Credit scores range between 200 and 800, with scores above 620 considered desirable for obtaining a mortgage. The following factors affect your score:

Your payment history. Did you pay your credit card obligations on time? If they were late, then how late? Bankruptcy filing, liens, and collection activity also impact your history.

How much you owe. If you owe a great deal of money on numerous accounts, it can indicate that you are overextended. However, it’s a good thing if you have a good proportion of balances to total credit limits.

The length of your credit history. In general, the longer you have had accounts opened, the better. The average consumer’s oldest obligation is 14 years old, indicating that he or she has been managing credit for some time and only one in 20 consumers have credit histories shorter than 2 years.
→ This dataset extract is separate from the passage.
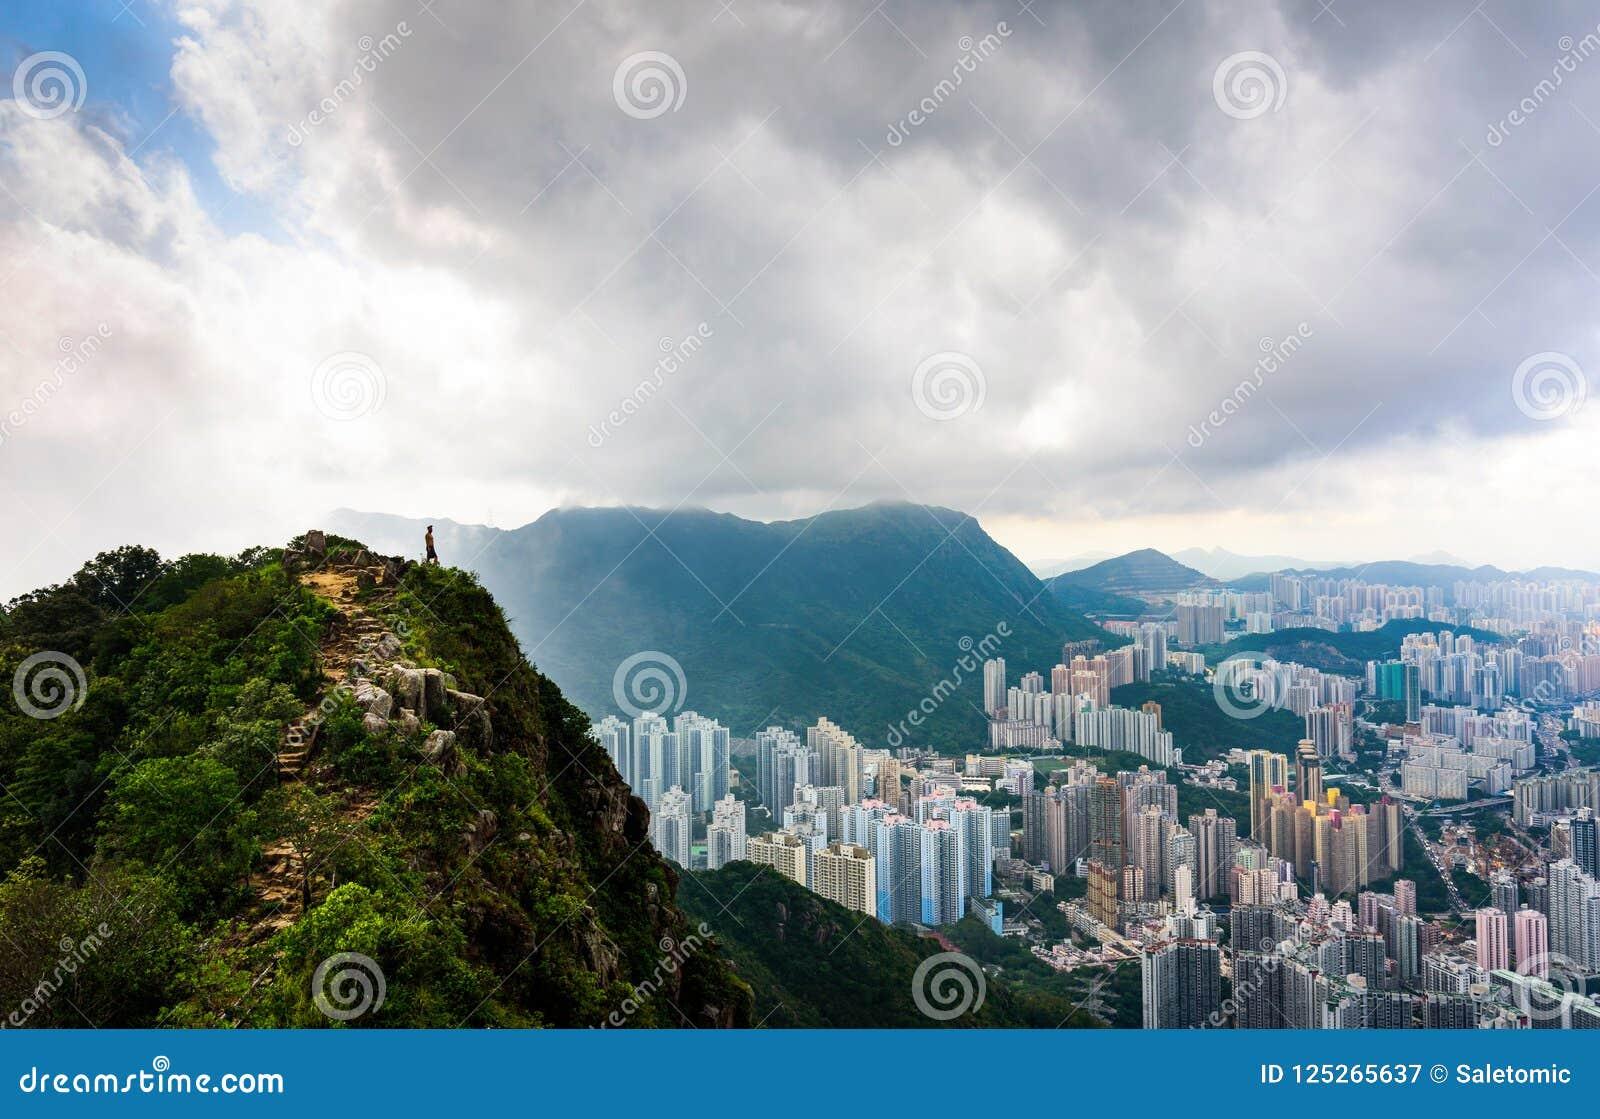 Man enjoying fogy Hong Kong view from the Lion rock

How much new credit you have. New credit, either installment payments or new credit cards, are considered more risky, even if you pay them promptly.

The types of credit you use. Generally, it’s desirable to have more than one type of credit — installment loans, credit cards, and a mortgage, for example.
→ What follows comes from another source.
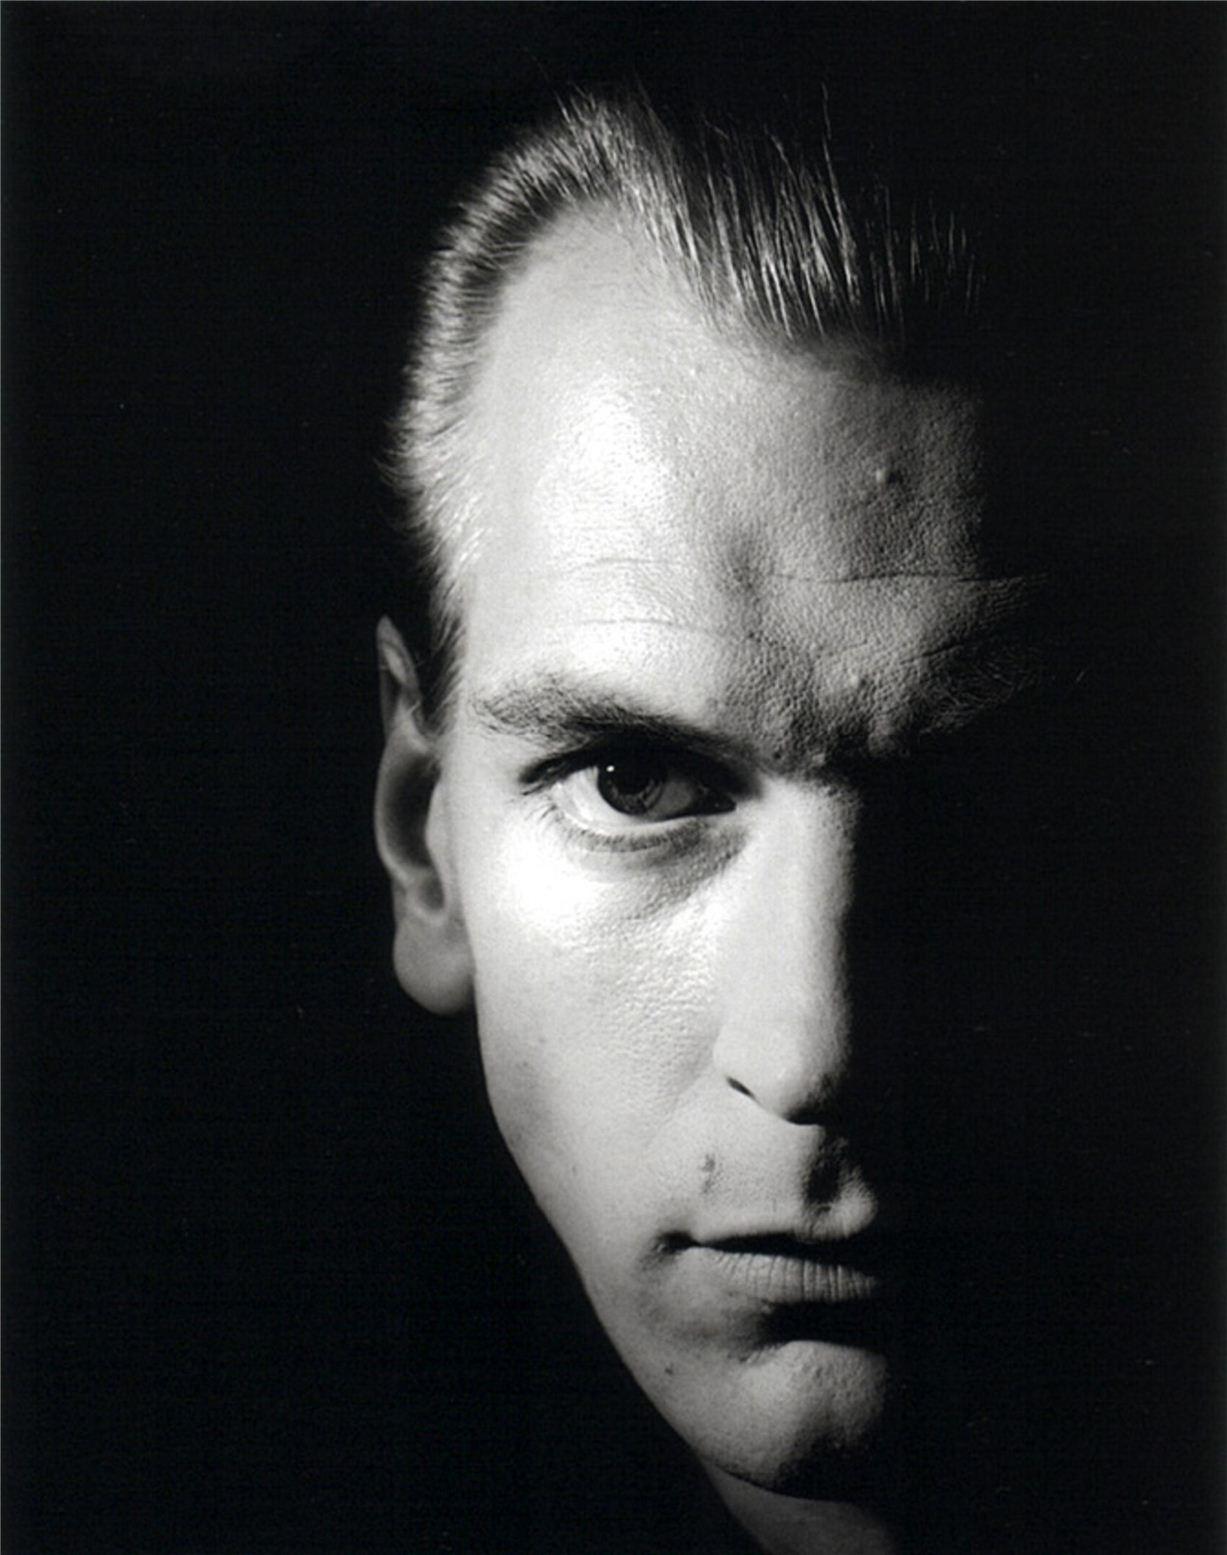 Jullian Sands / Джулиан Сэндс - портрет фотографа Грега Гормана / Greg Gorman

Contact JoAnn and she will give you the name of an honest local mortgage company who can run a credit report.  They will go over the report with you.  This is a VERY important step even if the lender finds information that needs to be corrected.  This knowledge will allow you to correct problems so you will be ready to buy a home when the time comes.  Sometimes problems are easy to correct or it is not uncommon to catch mistakes made by someone else.

Credit scores, along with your overall income and debt, are big factors in determining whether you’ll qualify for a loan and what your loan terms will be. So, keep your credit score high by doing the following:

1. Check for and correct any errors in your credit report. Mistakes happen, and you could be paying for someone else’s poor financial management.
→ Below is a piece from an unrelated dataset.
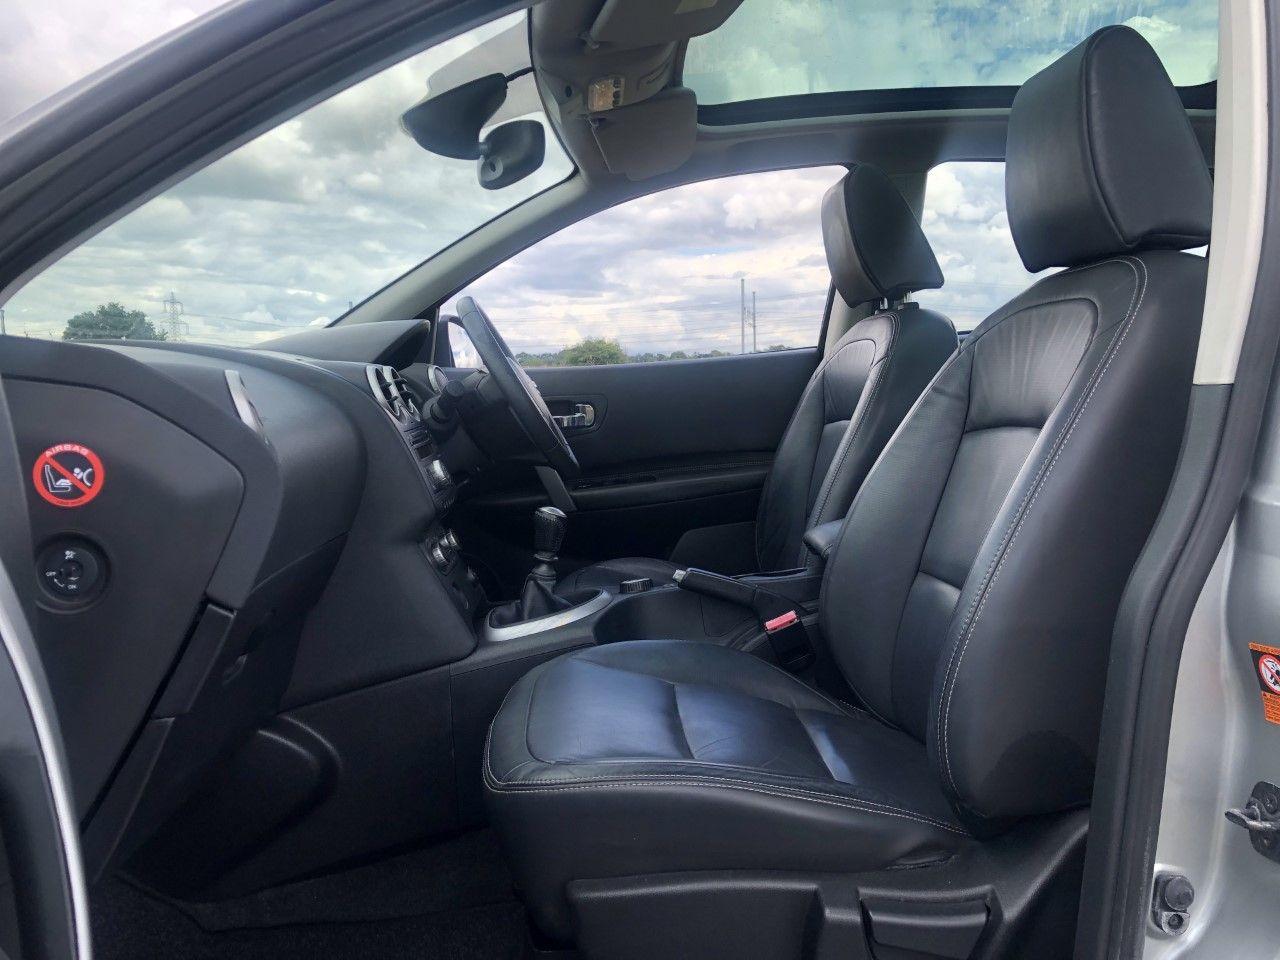 2008 Nissan Qashqai Tekna DCI 4WD £3,500

2. Pay down credit card bills. If possible, pay off the entire balance every month. Transferring credit card debt from one card to another could lower your score.

3. Don’t charge your credit cards to the maximum limit.

4. Wait 12 months after credit difficulties to apply for a mortgage. You’re penalized less for problems after a year.

5. Don’t order items for your new home on credit — such as appliances and furniture — until after the loan is approved. The amounts will add to your debt.

6. Don’t open new credit card accounts before applying for a mortgage. Too much available credit can lower your score.

7. Shop for mortgage rates selectively. Too many credit applications can lower your score, but multiple inquiries from the same type of lender are counted as one inquiry if submitted over a short period of time.

8. Avoid finance companies. Even if you pay the loan on time, the interest is commonly high and it will probably be considered a sign of poor credit management.